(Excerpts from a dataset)
Segment Open

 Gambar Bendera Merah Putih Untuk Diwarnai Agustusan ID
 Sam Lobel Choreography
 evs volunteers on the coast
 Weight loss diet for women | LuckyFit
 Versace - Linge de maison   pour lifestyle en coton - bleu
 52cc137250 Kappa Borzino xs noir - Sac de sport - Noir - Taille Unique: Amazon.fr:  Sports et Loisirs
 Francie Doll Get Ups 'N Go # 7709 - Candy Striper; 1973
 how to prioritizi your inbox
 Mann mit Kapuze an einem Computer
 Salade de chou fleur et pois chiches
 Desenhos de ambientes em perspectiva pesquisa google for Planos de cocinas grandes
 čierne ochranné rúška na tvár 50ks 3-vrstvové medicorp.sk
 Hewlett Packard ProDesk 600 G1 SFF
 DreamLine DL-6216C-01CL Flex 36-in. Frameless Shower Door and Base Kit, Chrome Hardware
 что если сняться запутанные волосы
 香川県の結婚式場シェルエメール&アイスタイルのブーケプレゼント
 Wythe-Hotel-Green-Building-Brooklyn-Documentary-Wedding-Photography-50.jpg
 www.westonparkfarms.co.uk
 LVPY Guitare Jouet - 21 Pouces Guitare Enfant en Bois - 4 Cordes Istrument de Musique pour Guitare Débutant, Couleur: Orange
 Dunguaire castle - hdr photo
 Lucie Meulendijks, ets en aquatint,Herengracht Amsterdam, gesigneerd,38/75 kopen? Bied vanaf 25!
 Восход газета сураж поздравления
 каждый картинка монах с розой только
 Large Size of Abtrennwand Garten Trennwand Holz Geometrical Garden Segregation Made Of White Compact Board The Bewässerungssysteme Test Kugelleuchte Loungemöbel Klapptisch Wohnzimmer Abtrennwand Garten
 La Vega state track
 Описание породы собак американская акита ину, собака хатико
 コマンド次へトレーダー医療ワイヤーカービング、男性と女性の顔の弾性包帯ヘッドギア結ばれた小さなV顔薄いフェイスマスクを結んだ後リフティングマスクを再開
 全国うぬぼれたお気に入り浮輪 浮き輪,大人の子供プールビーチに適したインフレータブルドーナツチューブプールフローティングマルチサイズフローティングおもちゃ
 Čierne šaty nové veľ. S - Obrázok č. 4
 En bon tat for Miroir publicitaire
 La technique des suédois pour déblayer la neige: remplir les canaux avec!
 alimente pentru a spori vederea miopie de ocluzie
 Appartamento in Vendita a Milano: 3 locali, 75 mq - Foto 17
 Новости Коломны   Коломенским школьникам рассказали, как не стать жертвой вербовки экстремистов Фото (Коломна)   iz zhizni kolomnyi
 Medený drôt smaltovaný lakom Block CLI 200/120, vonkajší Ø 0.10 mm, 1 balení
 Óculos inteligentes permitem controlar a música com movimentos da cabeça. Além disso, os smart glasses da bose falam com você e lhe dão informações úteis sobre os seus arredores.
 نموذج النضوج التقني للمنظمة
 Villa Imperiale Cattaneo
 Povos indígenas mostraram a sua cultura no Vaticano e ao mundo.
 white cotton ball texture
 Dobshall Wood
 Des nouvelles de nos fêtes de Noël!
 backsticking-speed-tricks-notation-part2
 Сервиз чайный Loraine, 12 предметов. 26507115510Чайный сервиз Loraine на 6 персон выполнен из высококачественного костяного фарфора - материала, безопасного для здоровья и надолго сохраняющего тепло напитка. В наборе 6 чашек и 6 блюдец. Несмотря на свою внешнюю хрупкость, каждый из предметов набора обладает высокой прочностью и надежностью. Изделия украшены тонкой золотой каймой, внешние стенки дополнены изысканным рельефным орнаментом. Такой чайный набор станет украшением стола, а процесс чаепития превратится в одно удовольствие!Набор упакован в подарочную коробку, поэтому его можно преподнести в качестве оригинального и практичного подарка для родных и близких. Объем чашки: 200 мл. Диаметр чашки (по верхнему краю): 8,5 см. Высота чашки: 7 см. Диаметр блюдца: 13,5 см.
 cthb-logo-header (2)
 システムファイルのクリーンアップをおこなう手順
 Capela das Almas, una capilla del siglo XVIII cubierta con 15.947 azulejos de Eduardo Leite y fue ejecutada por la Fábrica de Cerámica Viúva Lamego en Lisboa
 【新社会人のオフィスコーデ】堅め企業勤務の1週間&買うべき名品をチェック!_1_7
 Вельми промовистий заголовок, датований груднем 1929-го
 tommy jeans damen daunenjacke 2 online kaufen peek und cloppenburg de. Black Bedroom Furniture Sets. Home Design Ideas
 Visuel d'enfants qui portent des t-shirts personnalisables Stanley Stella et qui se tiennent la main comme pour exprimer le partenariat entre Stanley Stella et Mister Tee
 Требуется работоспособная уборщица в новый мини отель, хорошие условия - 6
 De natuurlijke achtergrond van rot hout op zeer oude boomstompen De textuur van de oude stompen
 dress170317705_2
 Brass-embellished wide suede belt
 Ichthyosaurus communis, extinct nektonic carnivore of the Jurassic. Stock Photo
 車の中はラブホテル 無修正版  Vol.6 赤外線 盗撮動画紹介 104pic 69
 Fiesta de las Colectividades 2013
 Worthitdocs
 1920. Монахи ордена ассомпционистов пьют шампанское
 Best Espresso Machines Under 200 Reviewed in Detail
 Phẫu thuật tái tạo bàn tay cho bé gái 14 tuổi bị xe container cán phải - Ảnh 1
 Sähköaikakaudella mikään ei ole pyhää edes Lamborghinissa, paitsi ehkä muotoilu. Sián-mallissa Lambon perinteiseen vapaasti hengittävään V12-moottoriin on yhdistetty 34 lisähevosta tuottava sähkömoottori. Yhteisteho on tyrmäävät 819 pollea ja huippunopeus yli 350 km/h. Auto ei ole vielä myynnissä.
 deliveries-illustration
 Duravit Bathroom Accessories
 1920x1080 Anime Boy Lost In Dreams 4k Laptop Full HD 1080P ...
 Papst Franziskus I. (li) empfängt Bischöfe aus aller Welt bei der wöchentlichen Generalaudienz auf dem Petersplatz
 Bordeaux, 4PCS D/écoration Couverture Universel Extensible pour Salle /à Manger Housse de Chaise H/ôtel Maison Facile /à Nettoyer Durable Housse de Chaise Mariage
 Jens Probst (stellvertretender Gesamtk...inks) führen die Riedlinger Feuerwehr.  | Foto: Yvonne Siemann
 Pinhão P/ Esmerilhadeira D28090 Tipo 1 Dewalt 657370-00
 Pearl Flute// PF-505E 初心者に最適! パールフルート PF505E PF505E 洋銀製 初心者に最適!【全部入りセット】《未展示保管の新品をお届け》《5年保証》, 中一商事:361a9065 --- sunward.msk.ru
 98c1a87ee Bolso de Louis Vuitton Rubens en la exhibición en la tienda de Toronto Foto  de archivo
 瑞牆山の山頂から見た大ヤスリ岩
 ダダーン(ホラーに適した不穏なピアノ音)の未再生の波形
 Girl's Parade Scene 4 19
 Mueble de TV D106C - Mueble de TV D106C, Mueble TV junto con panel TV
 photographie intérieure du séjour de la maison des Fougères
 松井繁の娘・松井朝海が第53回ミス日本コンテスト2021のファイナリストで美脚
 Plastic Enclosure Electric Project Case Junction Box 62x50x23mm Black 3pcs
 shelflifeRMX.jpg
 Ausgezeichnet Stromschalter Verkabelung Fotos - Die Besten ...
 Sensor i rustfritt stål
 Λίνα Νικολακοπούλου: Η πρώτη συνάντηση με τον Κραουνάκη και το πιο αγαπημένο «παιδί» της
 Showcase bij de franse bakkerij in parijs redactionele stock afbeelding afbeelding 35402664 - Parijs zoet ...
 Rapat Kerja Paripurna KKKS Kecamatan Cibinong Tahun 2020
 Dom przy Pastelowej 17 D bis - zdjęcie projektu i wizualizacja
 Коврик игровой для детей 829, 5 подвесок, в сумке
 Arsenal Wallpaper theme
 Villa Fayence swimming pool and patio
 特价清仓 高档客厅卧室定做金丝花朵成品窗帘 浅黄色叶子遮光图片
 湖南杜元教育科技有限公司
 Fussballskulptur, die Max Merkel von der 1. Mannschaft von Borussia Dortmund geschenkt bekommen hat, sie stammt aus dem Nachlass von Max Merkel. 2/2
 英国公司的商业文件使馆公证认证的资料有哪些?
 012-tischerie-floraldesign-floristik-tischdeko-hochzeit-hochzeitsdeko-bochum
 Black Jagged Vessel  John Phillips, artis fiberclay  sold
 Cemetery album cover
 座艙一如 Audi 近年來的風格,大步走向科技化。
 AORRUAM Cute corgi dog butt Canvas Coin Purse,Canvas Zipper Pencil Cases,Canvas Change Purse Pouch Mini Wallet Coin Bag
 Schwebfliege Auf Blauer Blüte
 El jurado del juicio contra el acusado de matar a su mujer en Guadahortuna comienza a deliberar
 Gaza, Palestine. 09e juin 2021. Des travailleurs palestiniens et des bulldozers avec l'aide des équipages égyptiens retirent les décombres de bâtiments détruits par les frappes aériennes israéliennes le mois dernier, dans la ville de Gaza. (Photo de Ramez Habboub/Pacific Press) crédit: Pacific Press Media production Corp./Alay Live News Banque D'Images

Segment Closed

§ Task instructions
Go through the entries and return each line where the word "Villa" appears.

§ Written answer
 Villa Imperiale Cattaneo
 Villa Fayence swimming pool and patio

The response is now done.